Long context can also create a new problem: the agent may have enough room to overthink. A low token price is useful only if the model uses that room productively. For Tech My Money, the winning behavior is simple: read the right context, make the narrow change, verify it, and stop.
That is why MiniMax Code works best when paired with a strong operating manual. The model gives you room. The skills give it direction. Without the skills, it is just another agent app with a big context window. With the skills, it starts to look like a real assistant for repeatable production work.
Should you use it?
If you already use agents and keep hitting usage limits, MiniMax Code is worth a serious trial. Do not start with your most sensitive repo. Start with a real but safe workload. A documentation pass, an internal tool, a draft cleanup, a source-checking task, or a reversible prototype is enough. Give it your rules and see whether it follows them after the task gets messy.
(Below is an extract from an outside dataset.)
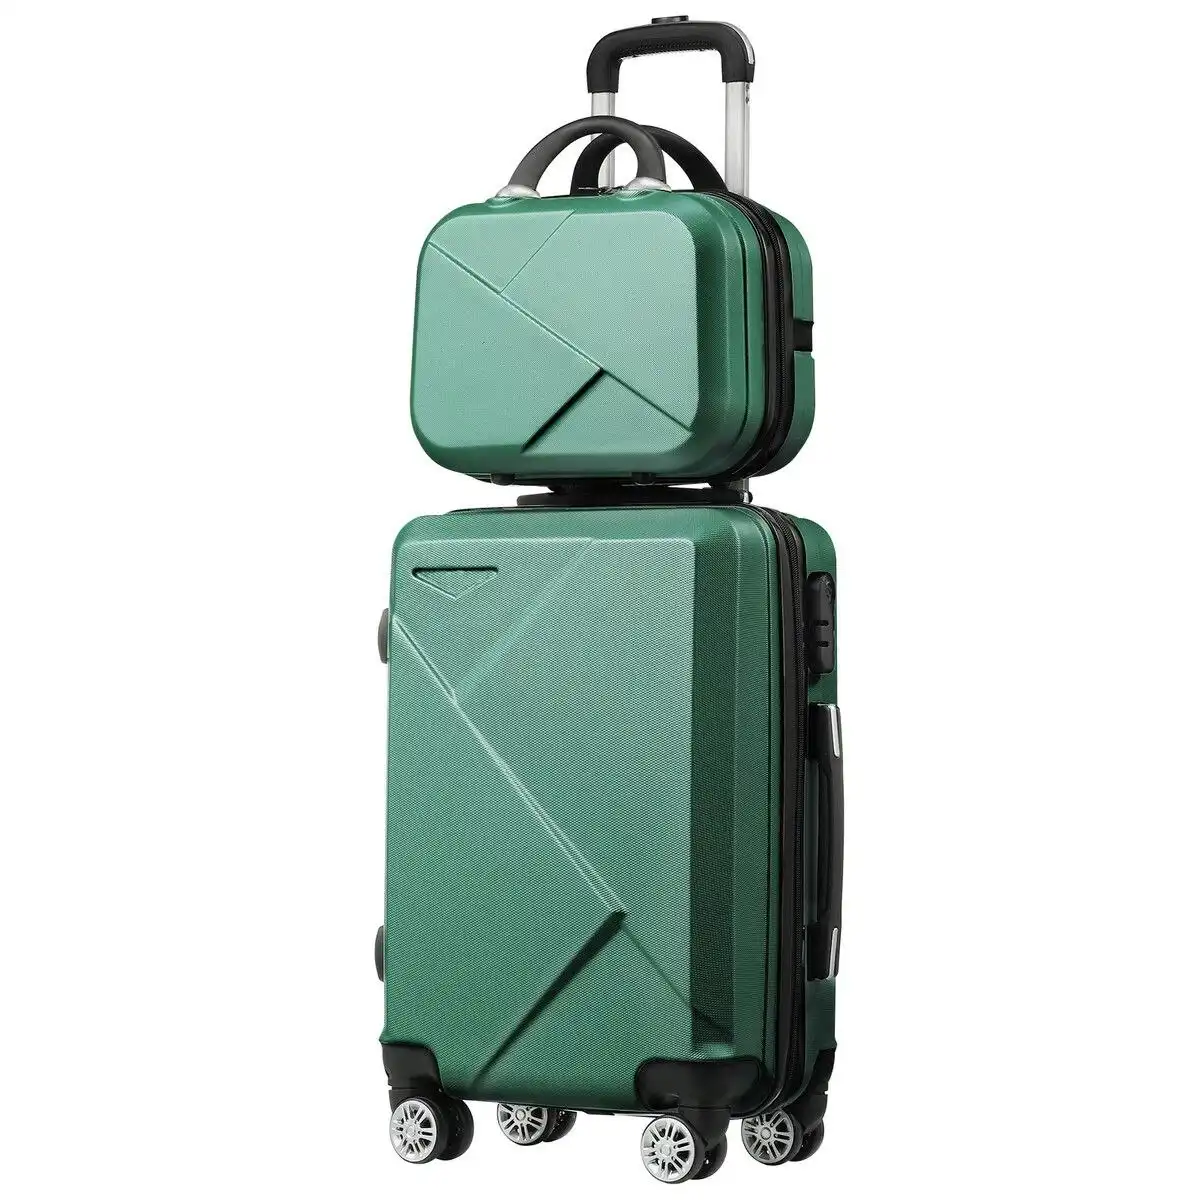 Buon Viaggio 2 Piece Luggage Set Carry On Travel Hard Shell Suitcases Traveller Travelling Rolling Trolley Checked Vanity Bag Lightweight

For our workflow, the model’s biggest value is not raw benchmark bragging. It is that M3 makes long-context, rules-heavy agent sessions cheaper to run. That lets us train the agent on the way Tech My Money actually works, instead of pretending every task starts from zero.
MiniMax Code still has to earn trust task by task. But after testing it inside our own agent setup, I understand why it matters. M3 gives MiniMax Code enough context and pricing headroom to become a useful workflow agent. That is especially true for teams that already have clear skills, checklists, and review habits. The real upside is not replacing judgment. It is making our judgment easier to encode.
Primary materials checked: MiniMax Code, MiniMax M3, and MiniMax API pricing. Review judgment: Tech My Money hands-on onboarding and testing with our own agent skills and workflow.